Work to complete: Leaving out pictures, output exactly the lines below from the one that has "U.S. Department of" through the one that has "Groom kissing Bride", and nothing else.

─── Information shown

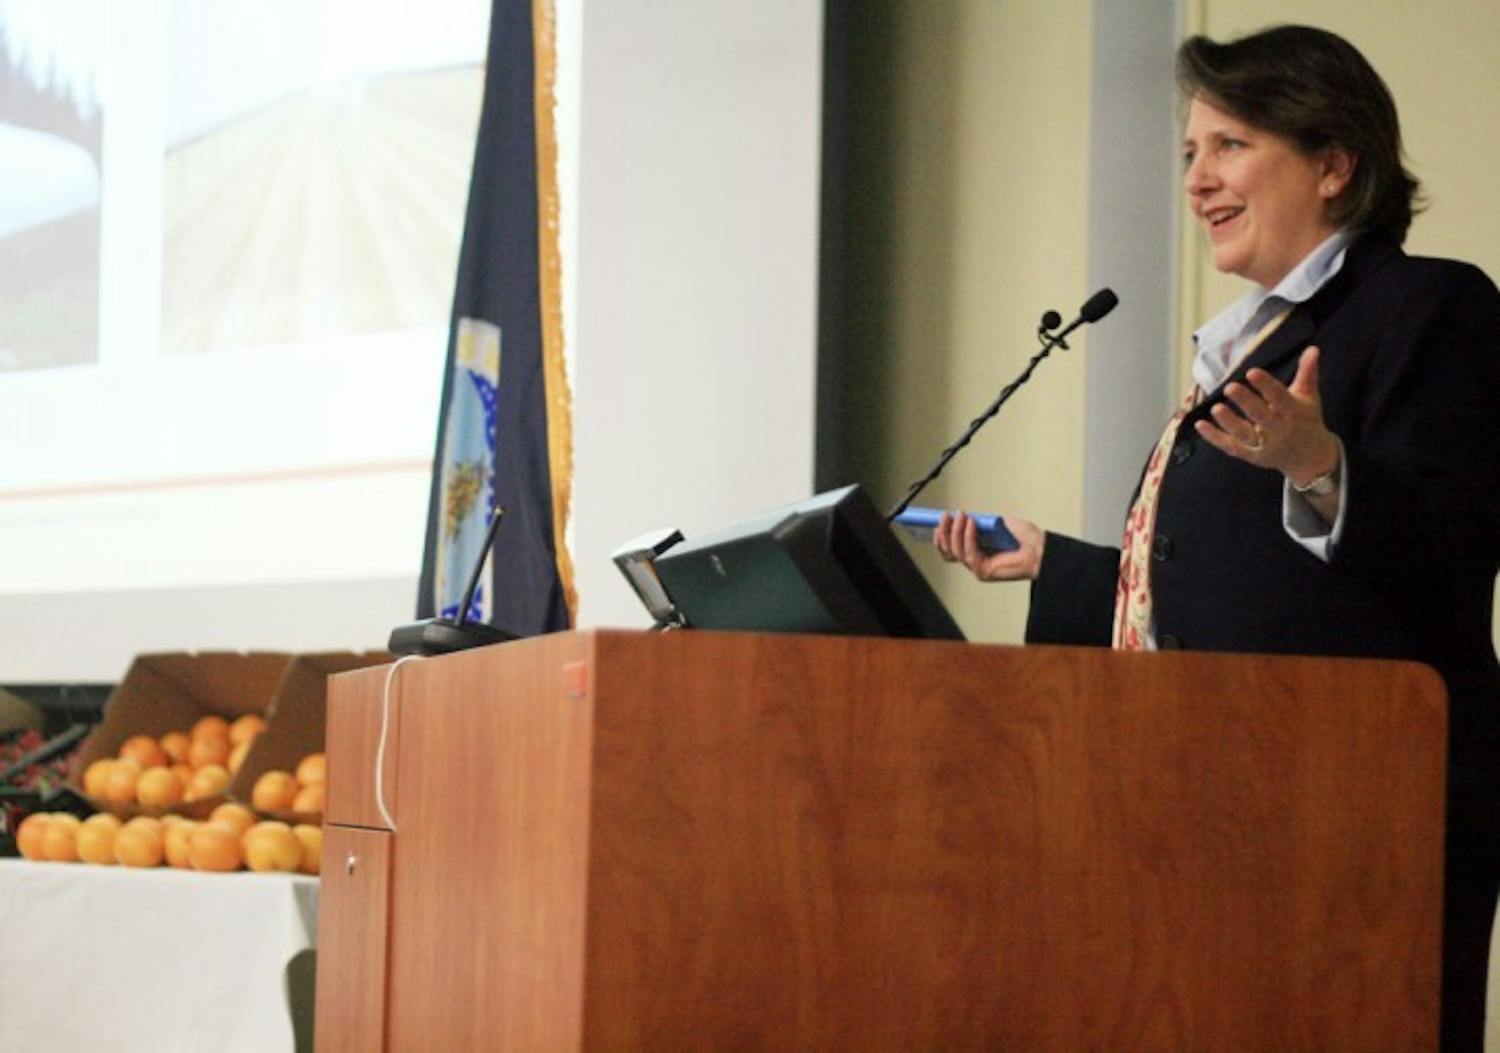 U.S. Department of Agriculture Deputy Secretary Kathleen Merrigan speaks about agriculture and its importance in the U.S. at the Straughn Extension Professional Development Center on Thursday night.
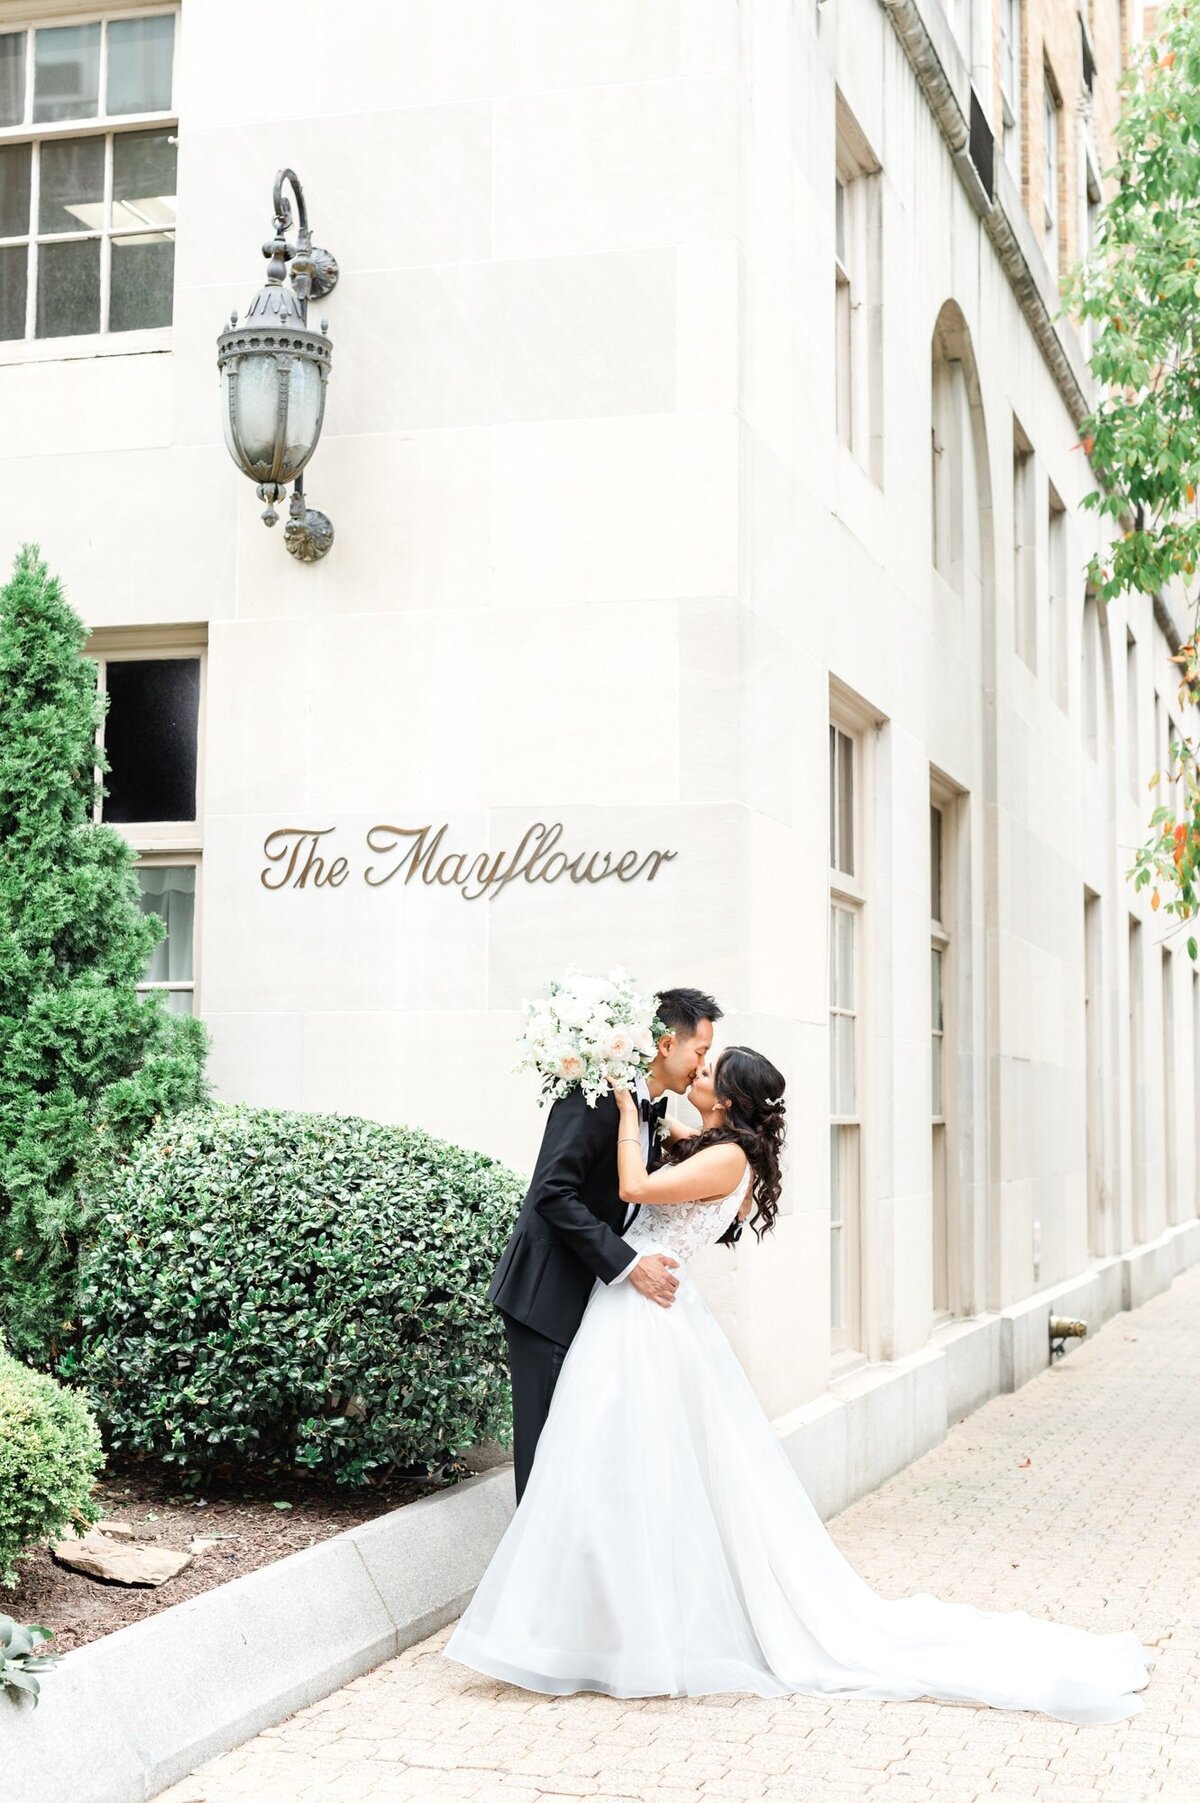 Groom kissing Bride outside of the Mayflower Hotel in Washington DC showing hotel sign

──────
─── Information shown

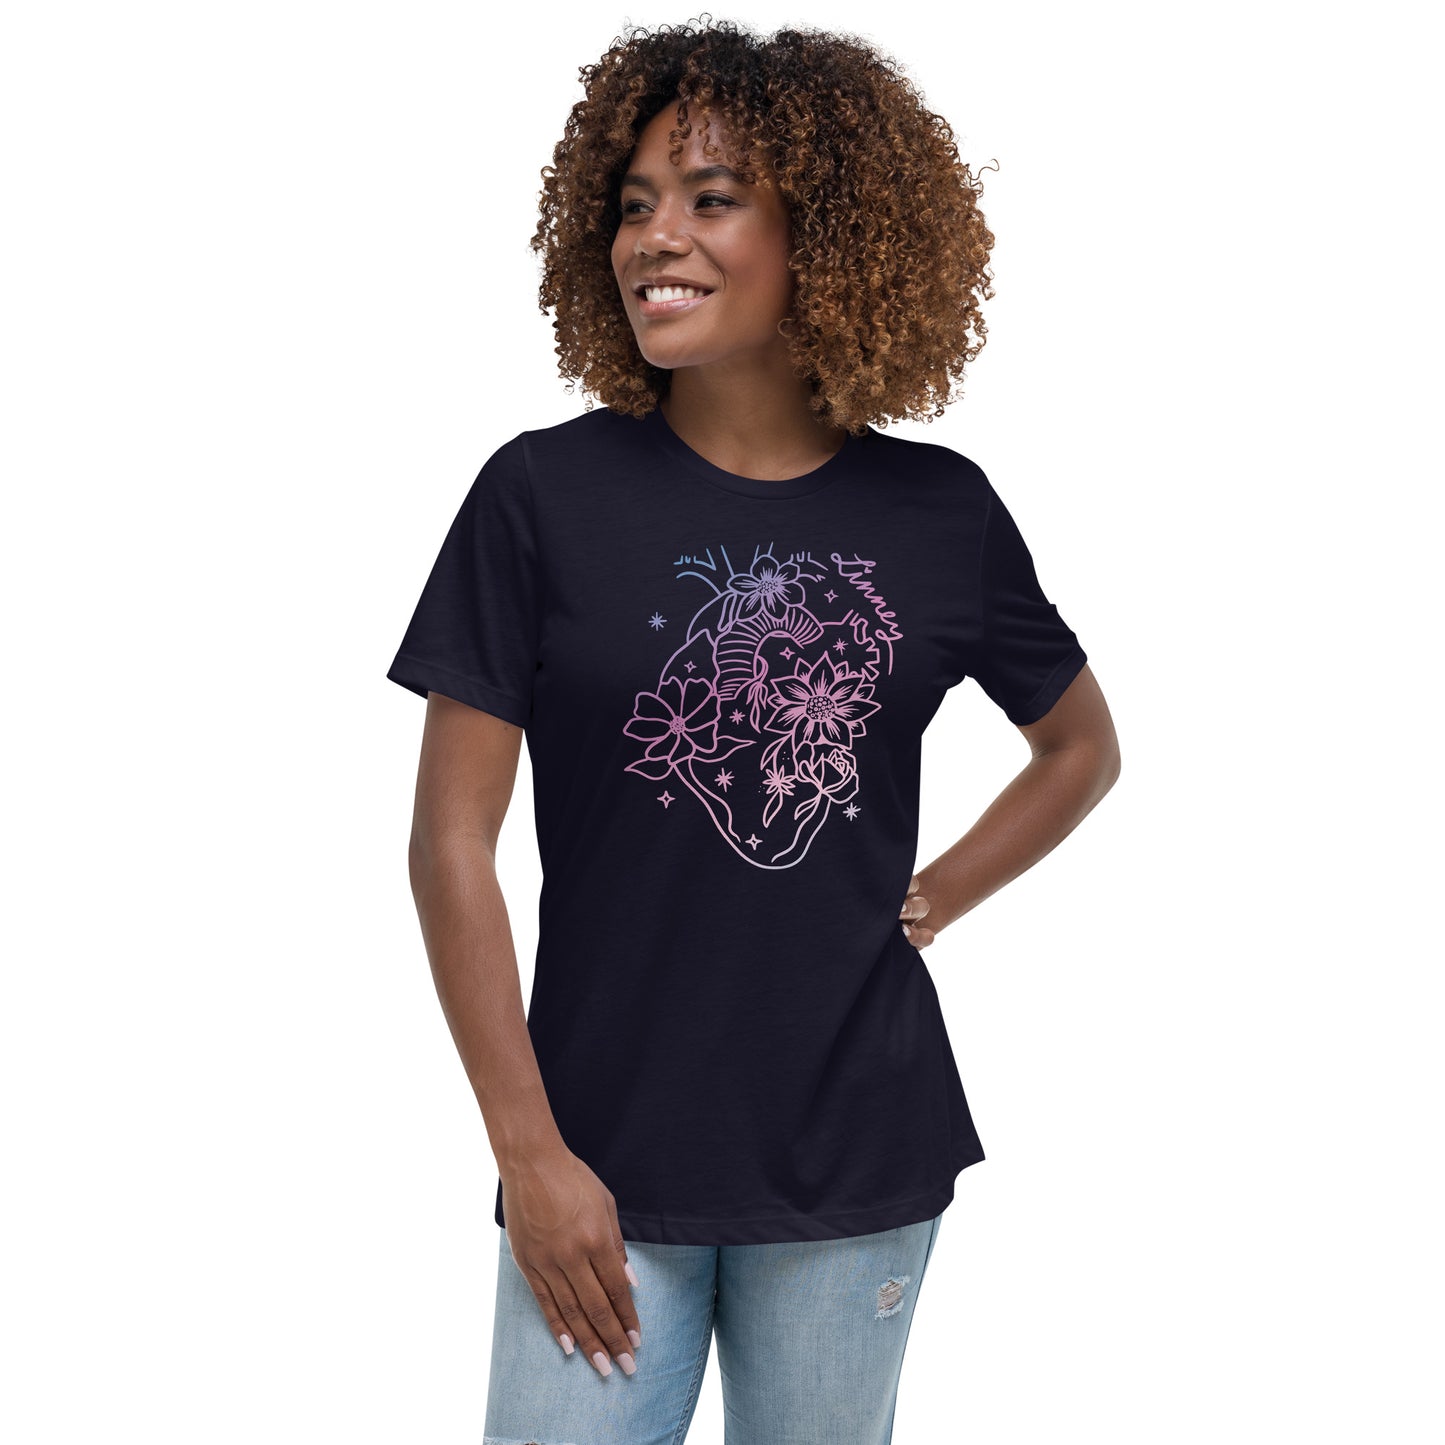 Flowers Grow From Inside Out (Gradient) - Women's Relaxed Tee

──────

Result:
 U.S. Department of Agriculture Deputy Secretary Kathleen Merrigan speaks about agriculture and its importance in the U.S. at the Straughn Extension Professional Development Center on Thursday night.
 Groom kissing Bride outside of the Mayflower Hotel in Washington DC showing hotel sign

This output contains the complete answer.